The way I figure it, the scalpel used on Jim Calhoun's fractured hip during surgery Saturday night may as well be used to engrave in stone that he'll 100 percent, for sure, take-it-to-the-bank return for his 27th year asUConn men's basketballcoach.
As his UConn players, past and present, began filing into Mohegan Sun Arena for the Jim Calhoun Celebrity Classic, word spread that only a few hours earlier, Calhoun's bike had slipped on some sand near his summer home in Madison, forcing a nasty fall. Given that Calhoun broke five ribs after falling over the handlebars in the 12th mile of a 50-mile charity bike ride in 2009 — he still finished the race — it almost seemed as if someone was playing an inappropriate joke.
But no, it was true.
Anybody who has biked along the Connecticut shore, at the Cape, around Newport, knows that sand can be the mortal enemy of the cyclist. "He also has those shoes that are tied in, clip-ons," associate coach George Blaney said.
The spill had to hurt a septuagenarian plenty. Yet as Calhoun, the toughest, meanest son of a gun in the valley, rests today at John Dempsey Hospital at the UConn Health Center in Farmington, the last thing I expect him to allow is this news lede:
STORRS — A fractured hip suffered in a biking mishap has forced Hall of Fame basketball coach Jim Calhoun, 70, to retire after 40 years at Northeastern and UConn. The three-time NCAA champion and sixth winningest coach in college history…
Not going to happen. No way. He's so freaking stubborn that he'll win the Tour de France before he quits because of this.
When Calhoun's knees went, so did his ability to run marathons and pound pavement. He turned to biking to satiate his cardiovascular fix. And if it is true that what doesn't kill you makes you stronger, well, Calhoun could use his love of biking to coach until he's 100. Like we said, if it doesn't kill him first.
Athletic director Warde Manuel has said he expects Calhoun to return next season, and while Calhoun has said nothing publicly to the contrary, he also hasn't said flatly that he'll be back. And given the uncertainty over his successor, of what direction the school might turn, that in turn has lead to a streak of uncertainty.
"I can't picture Coach Calhoun retiring, to tell you the truth," Kemba Walker said. "I'm pretty sure he's not thinking about retirement right now. His hip is broke. He's thinking about recovering."

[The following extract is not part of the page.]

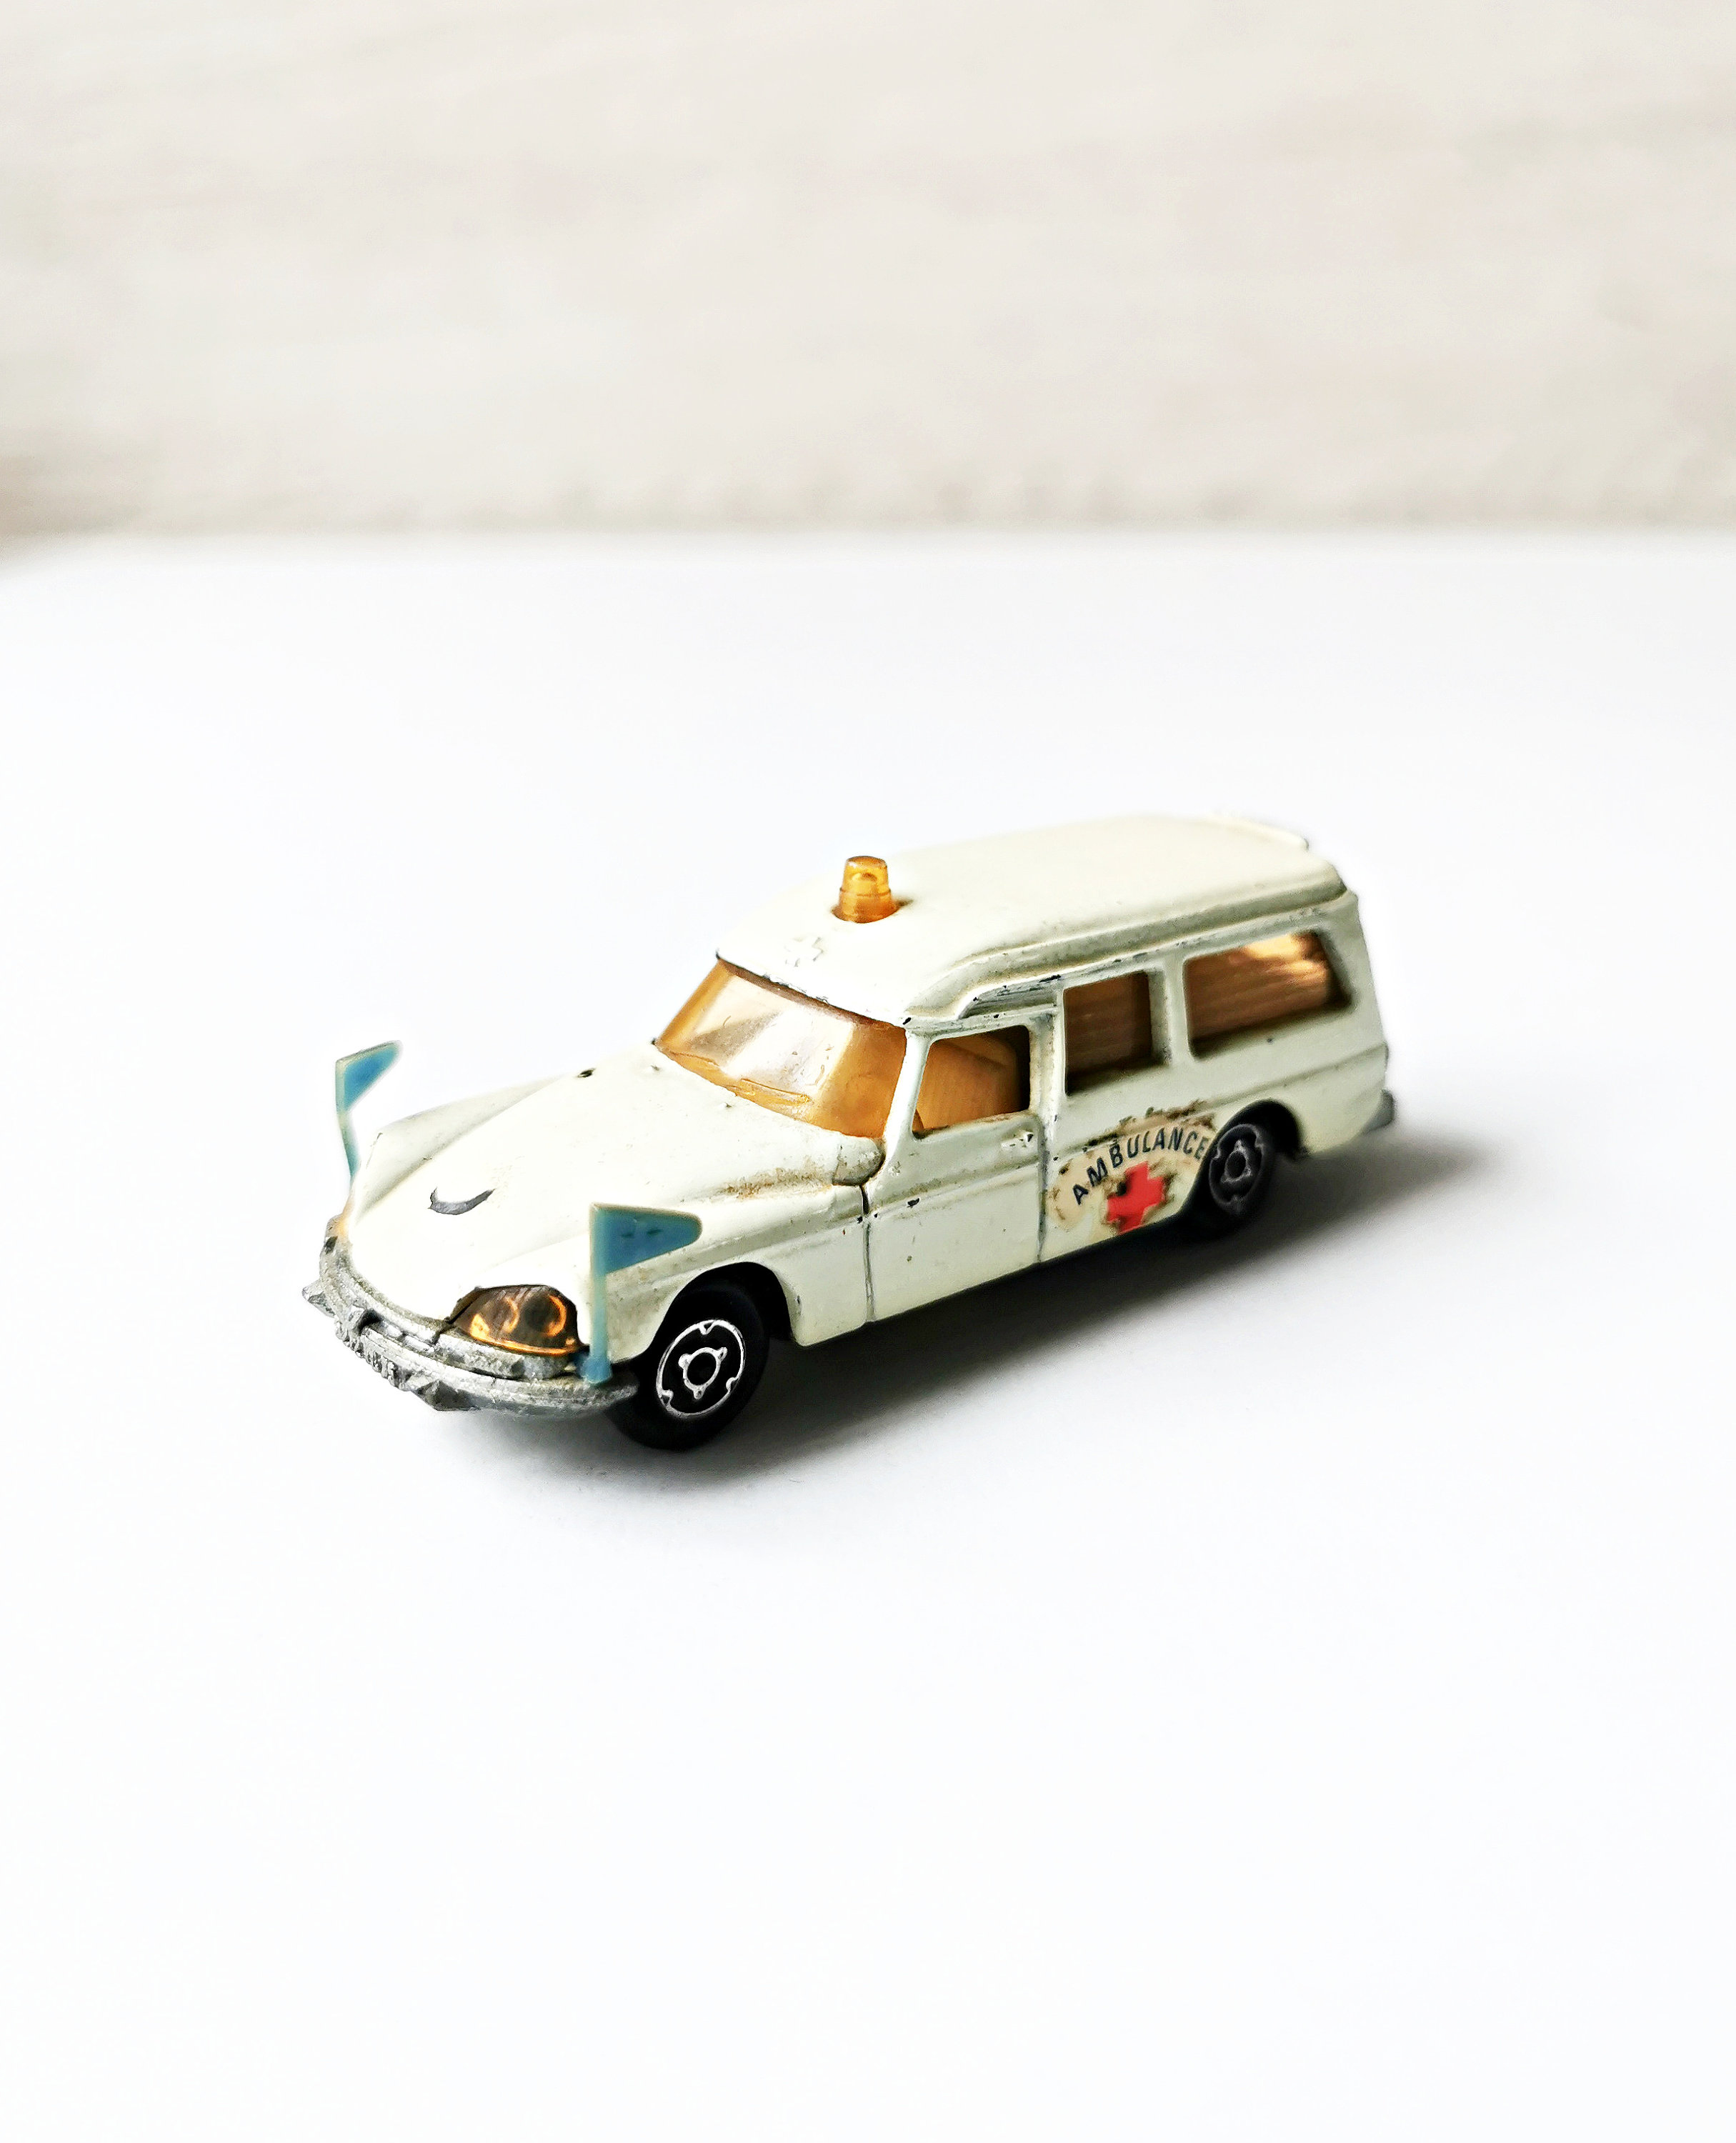 Majorette Suzuki Jimny Miniature Collectible Model -  Portugal

Do you think after this painful incident, he'll use it as a motivating source to say, "Screw you," to the critics, "I'm not retiring"?

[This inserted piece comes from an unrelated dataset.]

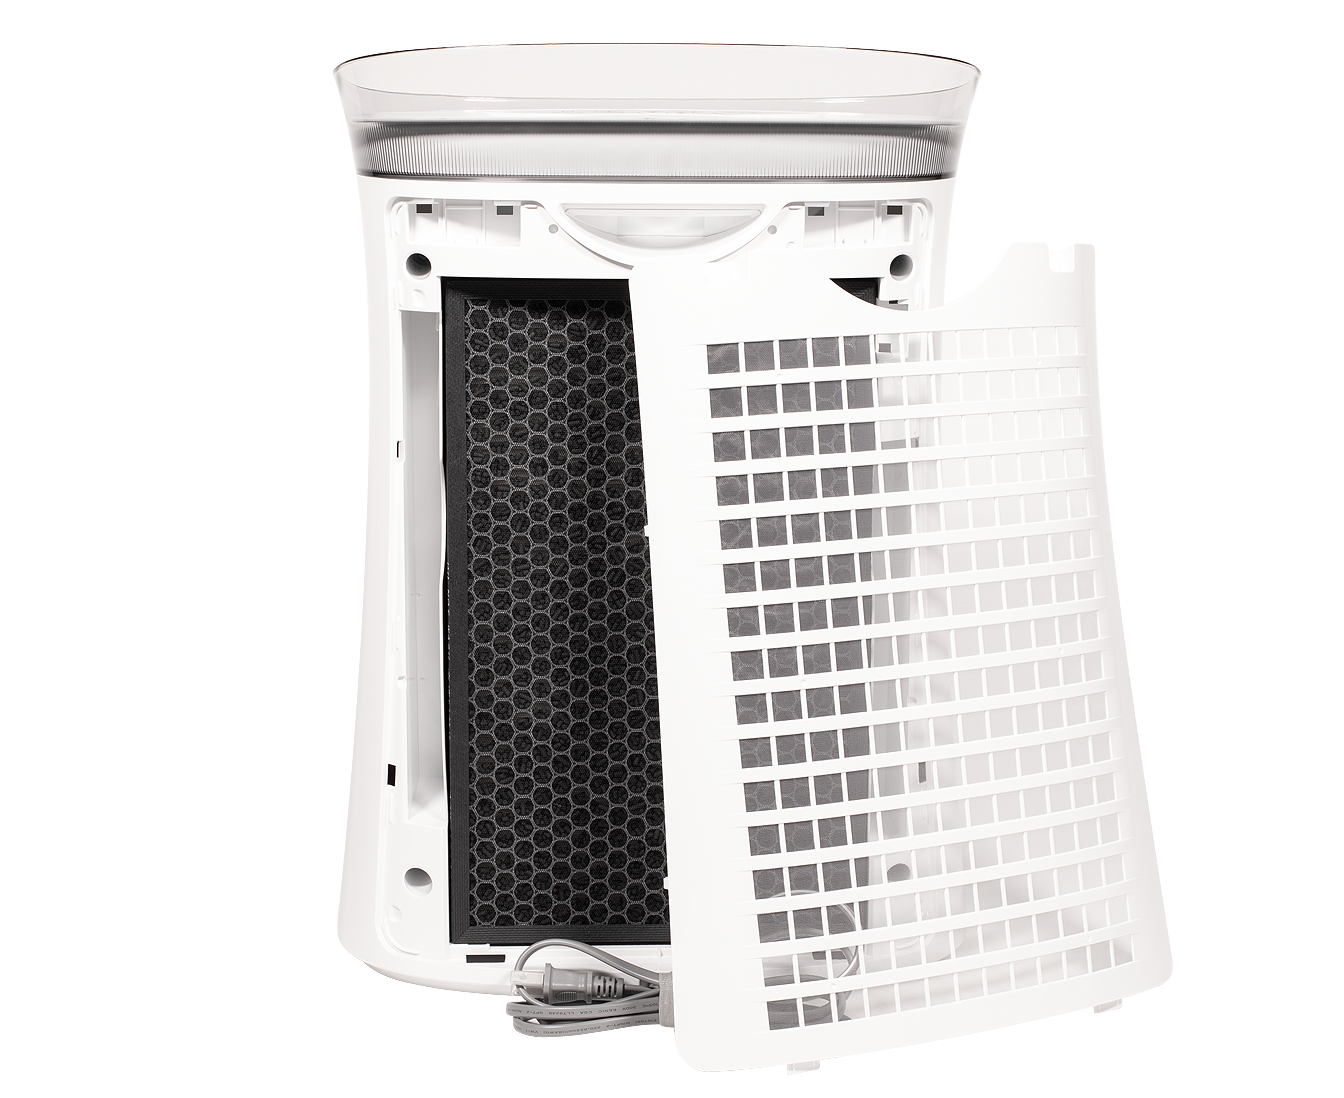 FPK50UW air purifier filter

"Maybe, maybe, that's how he is," Walker said, breaking into a laugh. "He's a tough guy."
Still, Kemba, you might be the perfect guy to tell him to hang up the pedals.
"Nah, he's got to stay in his shape," Walker said.

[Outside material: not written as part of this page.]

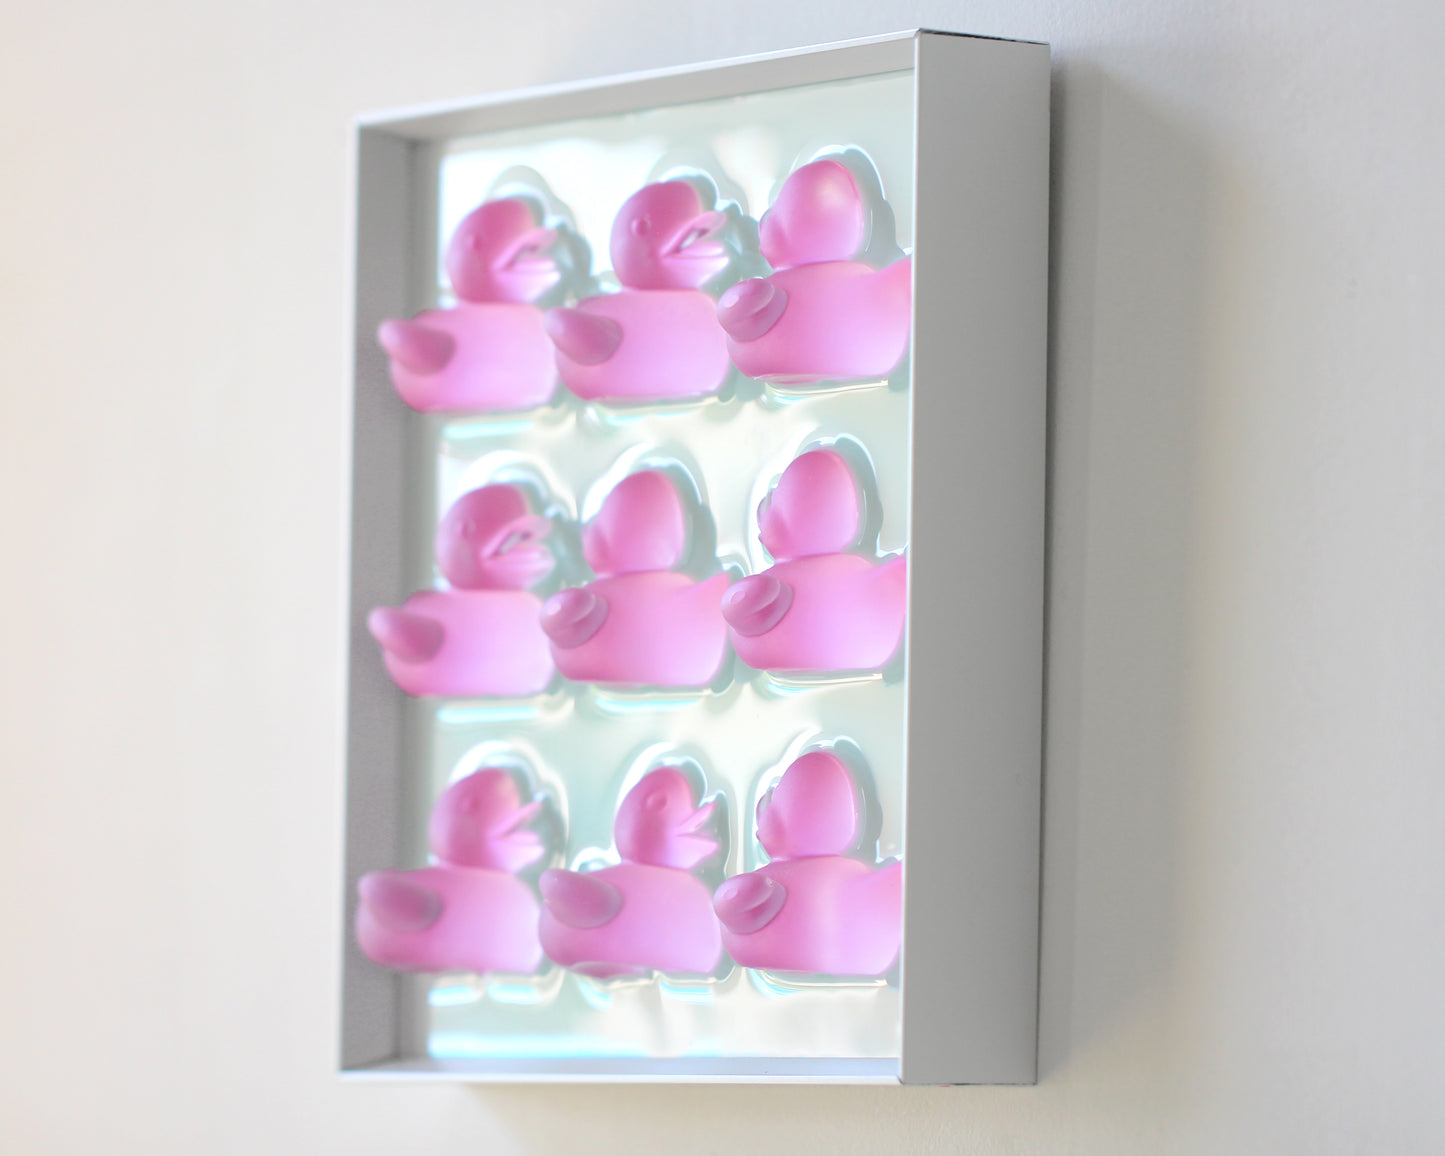 Wall Decor pop art of "Rubber ducks"

If not Kemba, then Blaney, his trusted confidante, has got to be the man.
"We've had that conversation," Blaney said. "Have you ever tried to tell him to do anything?"
Yeah, and it never works out so well.
"He's always going to want to win, always going to want to compete," Jeremy Lamb said. "If anything, this would be something to let him know he needs to rest his body sometimes. I know he's going to fight. I don't know if this will make him coach more or retire more. I just know he is one strong man."
Manuel received word of Calhoun's injury on his ride to the casino. And given that it has been one thing after another since he has taken over as athletic director, Manuel could be forgiven for smiling gently and wondering if he could go one day without another unforeseen encounter.
"My thoughts and prayers are with Jim for a speedy recovery," Manuel said. "He has had some bad breaks the last year or so, and we just have to hope he'll have a speedy recovery."